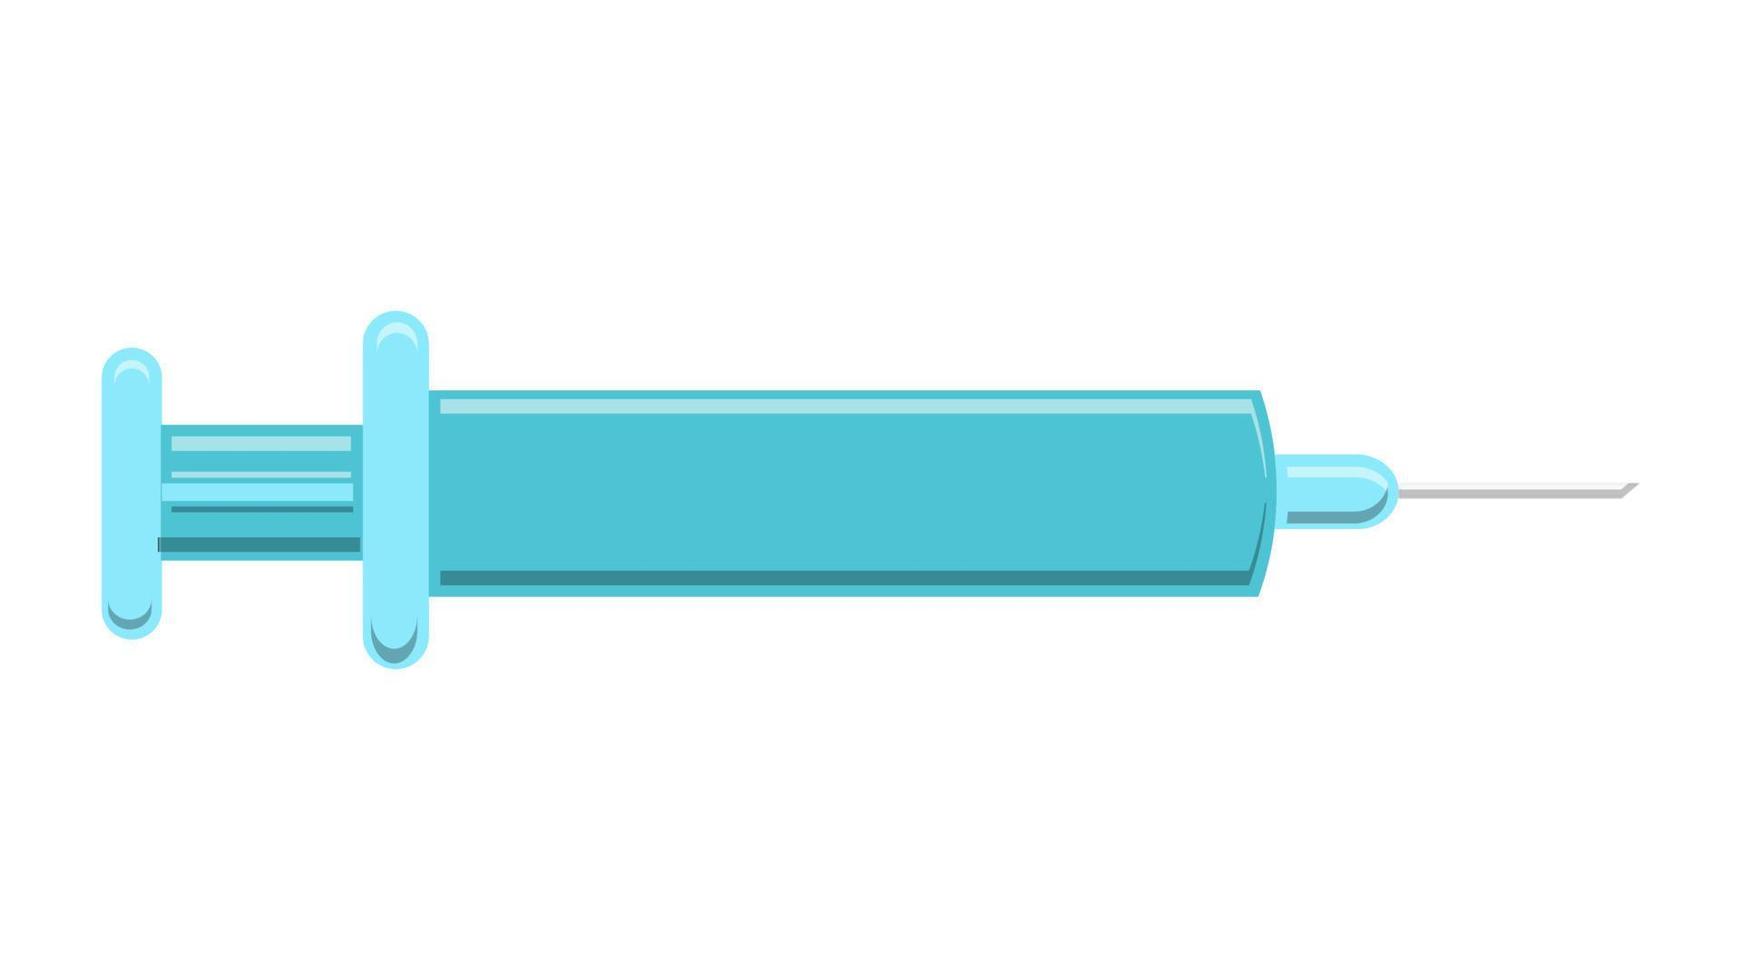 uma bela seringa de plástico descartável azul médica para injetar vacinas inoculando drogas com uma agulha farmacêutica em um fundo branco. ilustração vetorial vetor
* * *
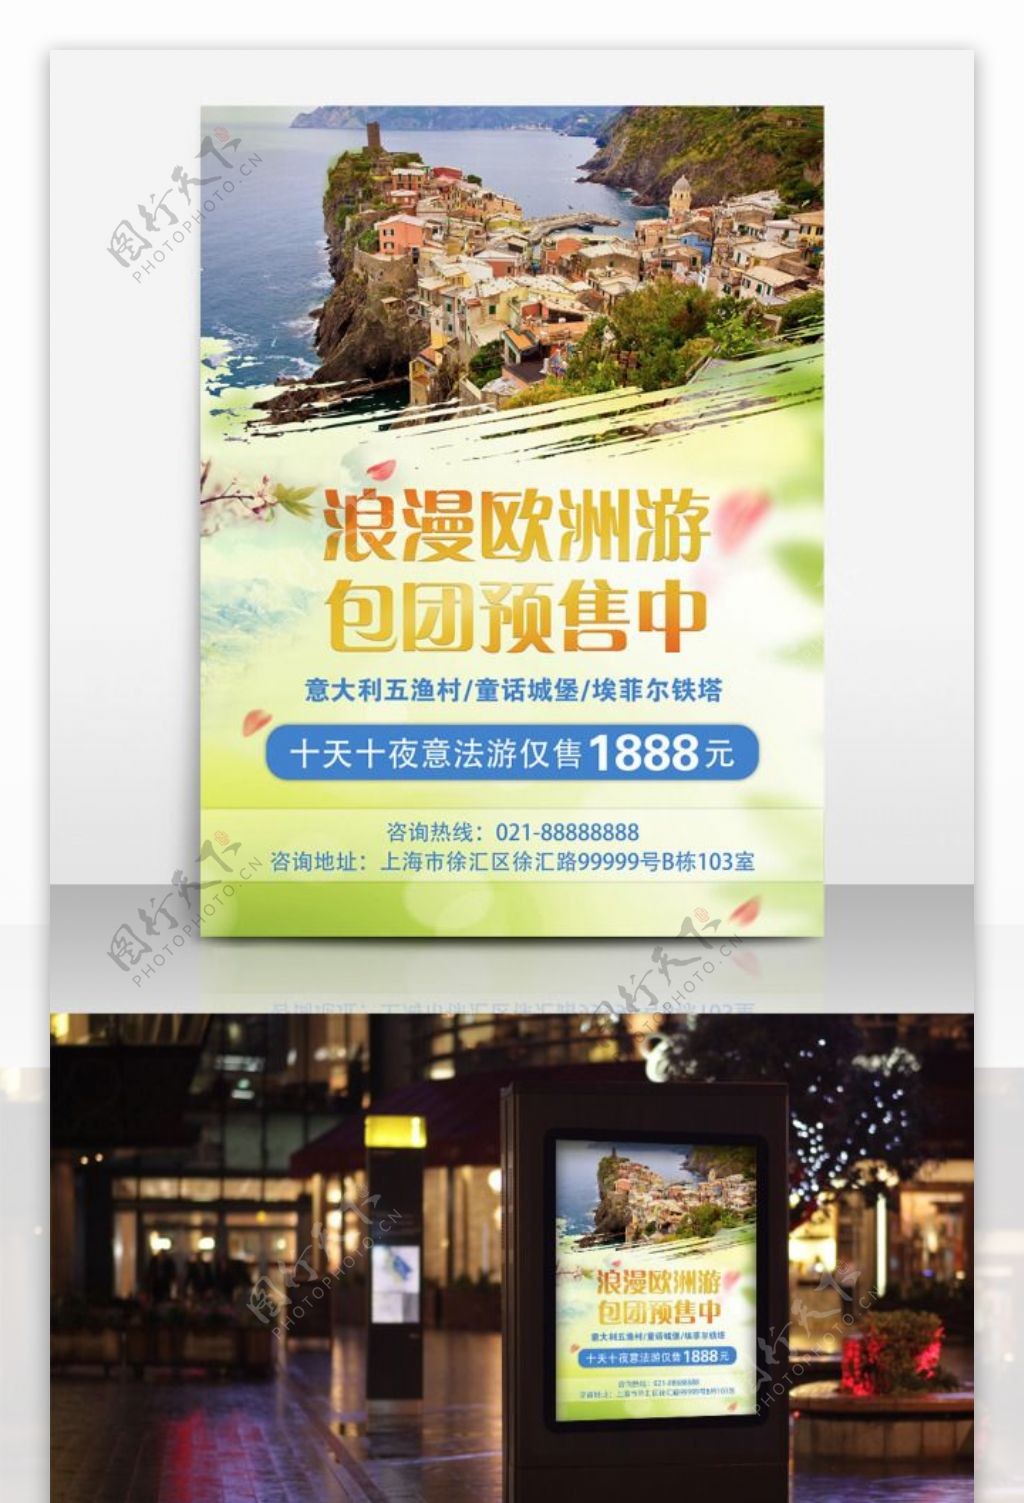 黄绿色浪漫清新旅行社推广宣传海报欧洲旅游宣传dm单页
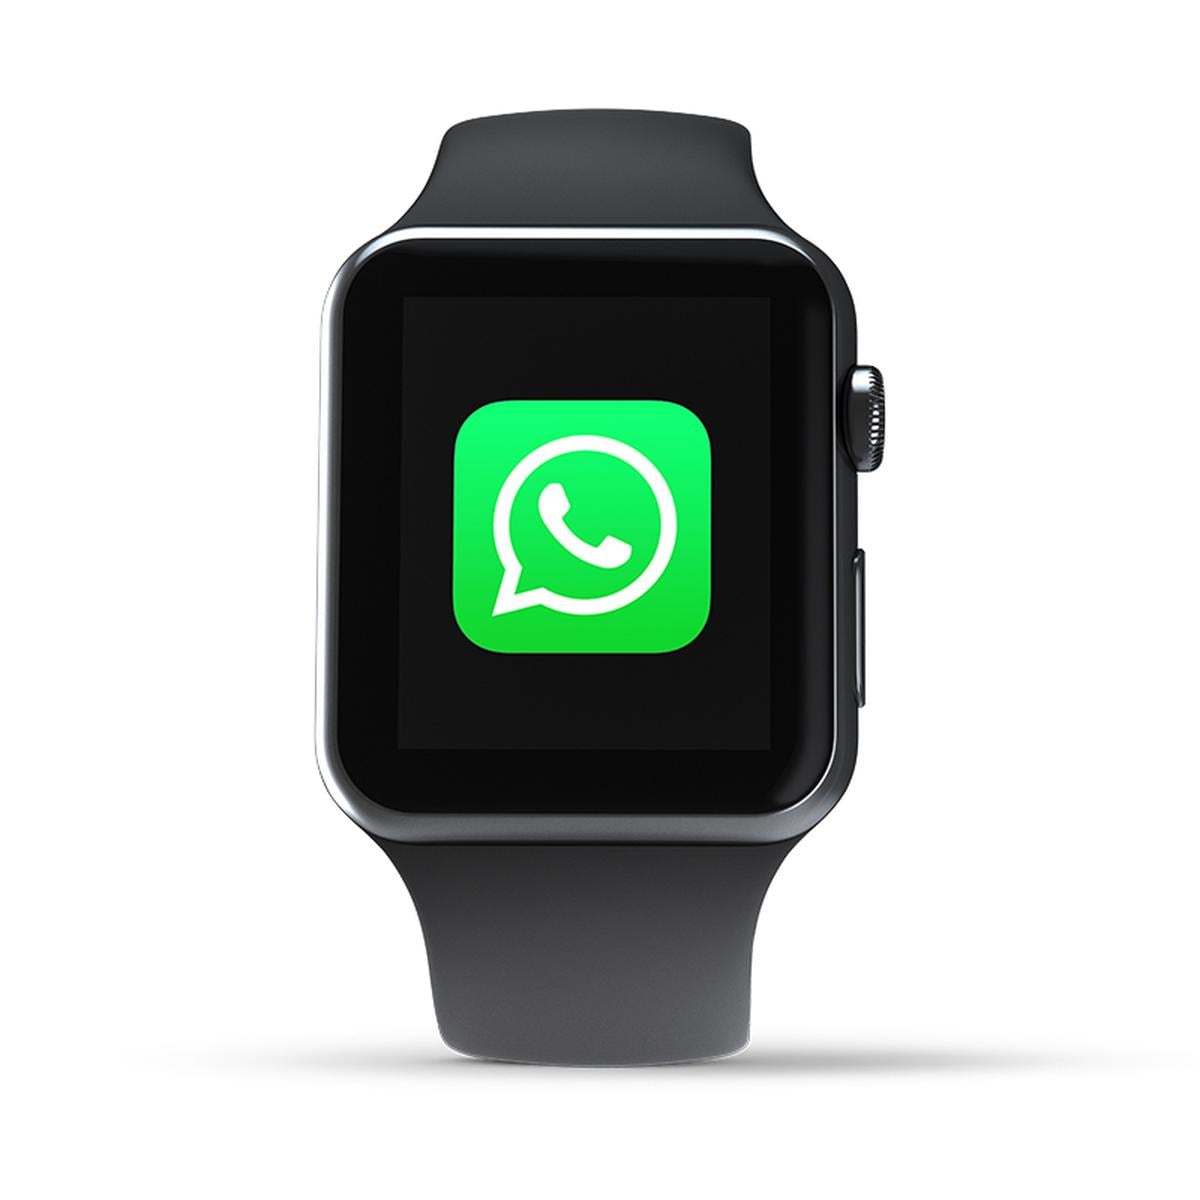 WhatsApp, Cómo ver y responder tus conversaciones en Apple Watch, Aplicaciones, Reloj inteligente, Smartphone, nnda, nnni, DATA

| Instructions for the task |
Begin at the line in the entries above that has "黄绿色浪漫清新旅行社推广宣传海报欧洲旅游宣传dm单页", stop after the line that has "WhatsApp, Cómo ver", and output exactly those lines without pictures.

| Task answer |
 黄绿色浪漫清新旅行社推广宣传海报欧洲旅游宣传dm单页
 WhatsApp, Cómo ver y responder tus conversaciones en Apple Watch, Aplicaciones, Reloj inteligente, Smartphone, nnda, nnni, DATA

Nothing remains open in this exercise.